Without detours with sunlight to hydrogen: ‘Nowadays most of green hydrogen is produced from water using electricity generated by solar panels and stored in batteries. By employing photoelectrodes we can use solar light directly,’ says Dr. Aleksandr Savateev.
The newly developed principle works with so-called transition metal oxides, mainly copper, cobalt and nickel oxides, all of which are good catalysts. The special feature of these oxides is the variety of their crystal forms (nanocrystals such as nanorods or nanostars), which affect their surface energy. Each structure can have a different effect on catalytic reactions. Therefore, it is important that these nanostructures can be made targeted - or even untargeted, but repeatable. The developed technology could also be used to find quickly and efficiently new catalysts. ‘Laser dot by laser dot, we can create different catalysts side by side by simply varying the composition and conditions, and then also test them in parallel right away,’ says Dr. Felix Löffler adding, ‘But now we need to work on making the catalyst systems more persistent in all applications’.

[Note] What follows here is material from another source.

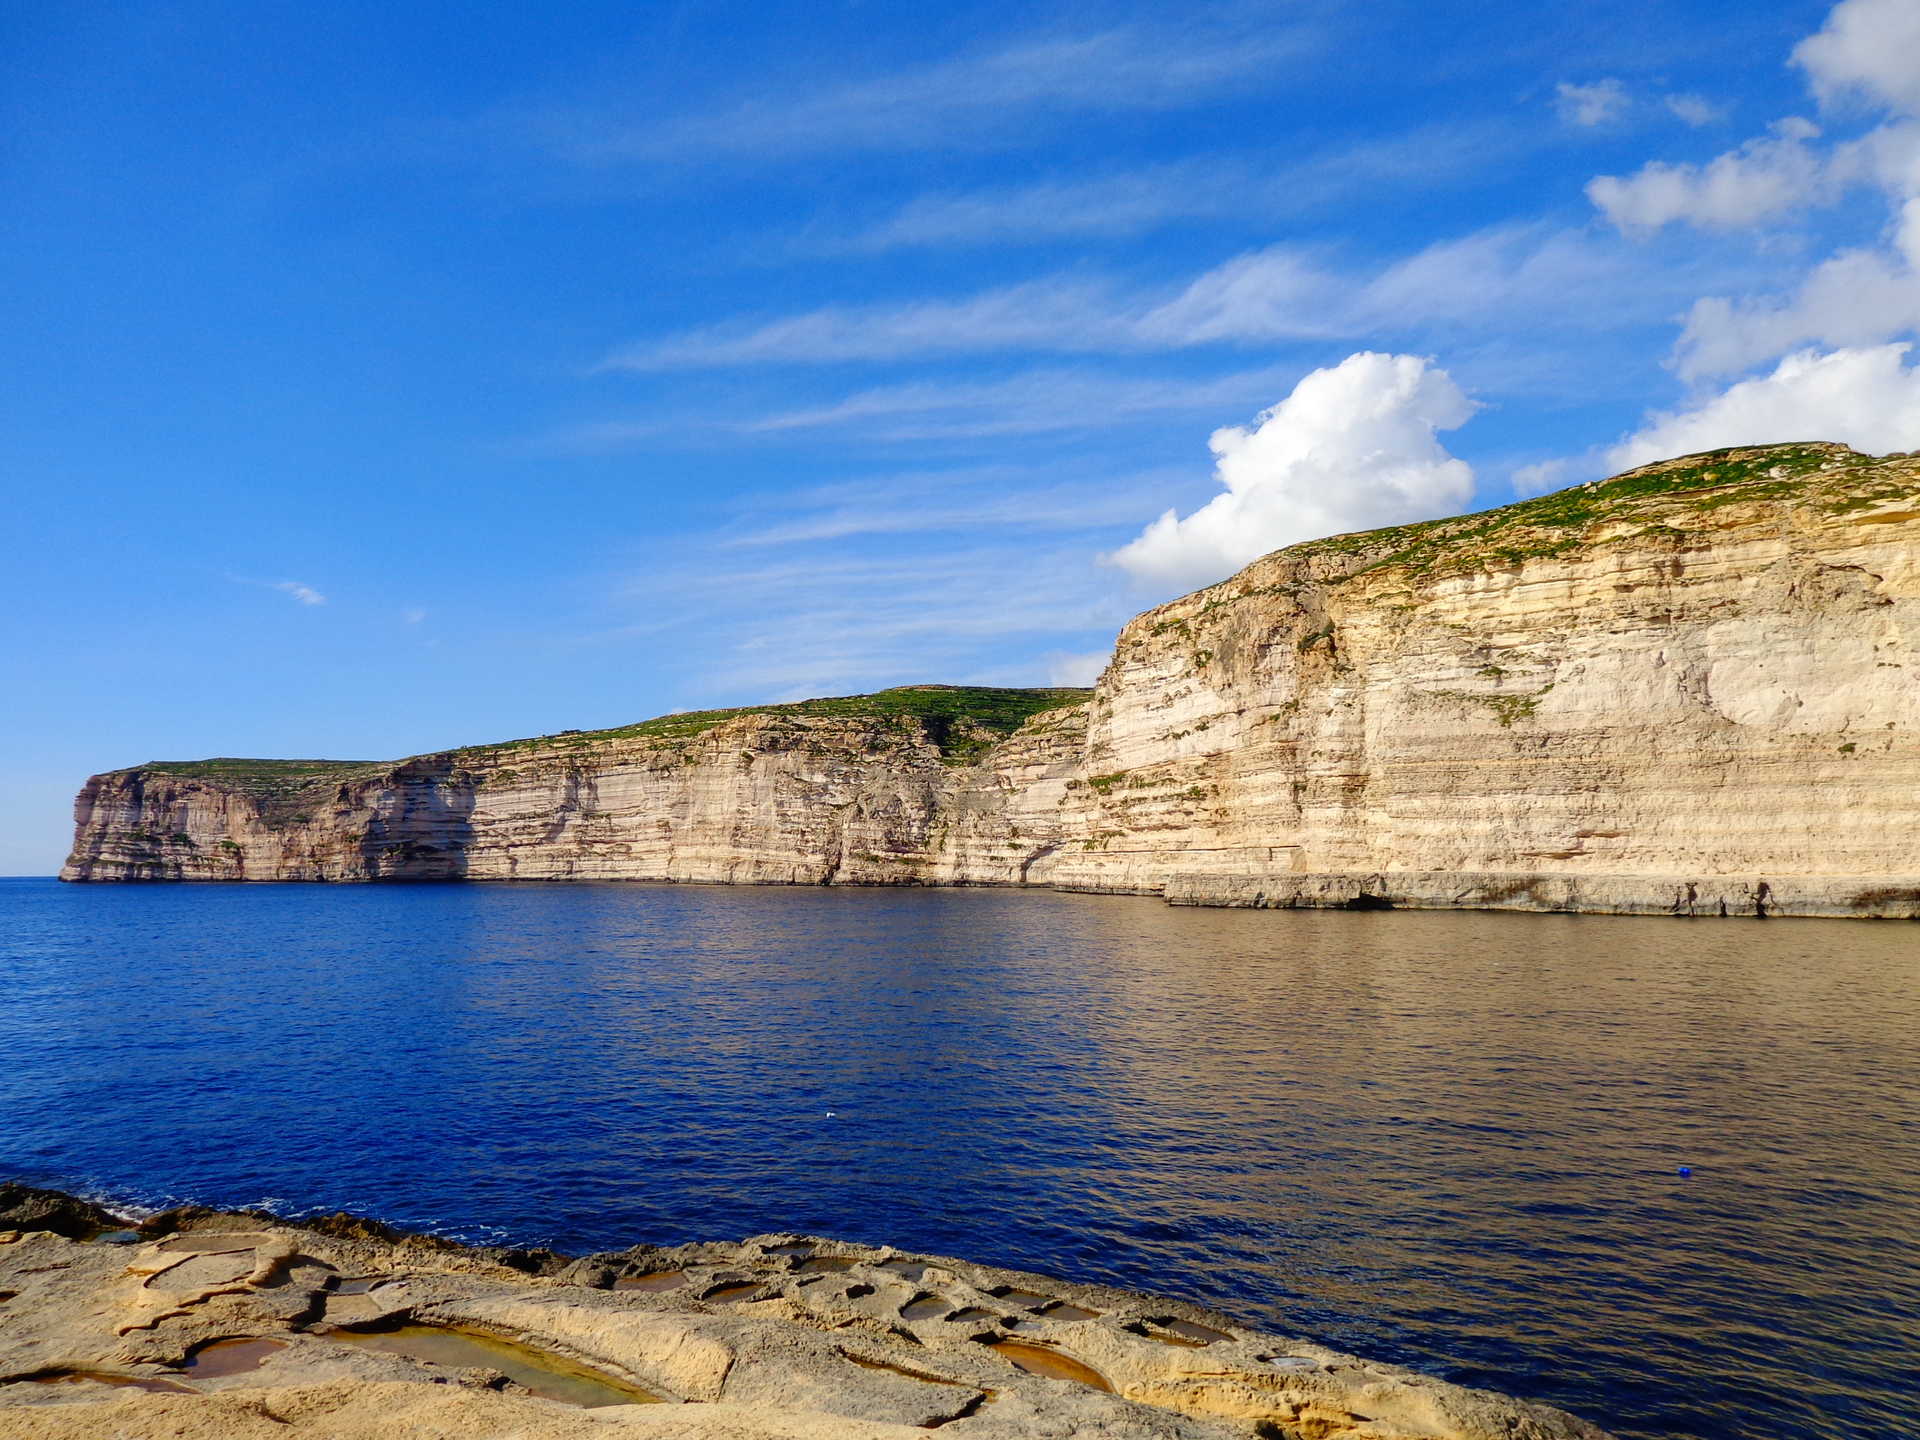 Falaise de calcaire, très présent sur la côte ouest de l'île principale notamment à Dingli cliffs

Similar to the principle of a typewriter, material is transferred from a donor to an acceptor carrier. On the former is the ‘ink’, a solid polymer, which is mixed with metal salts, the latter consists of a thin carbon nitride film on a conductive electrode. Targeted laser irradiation transfers the salts to the acceptor along with the molten polymer. The brief high temperatures cause the salts to react within milliseconds and they transform into metal oxide nanoparticles with desired morphology.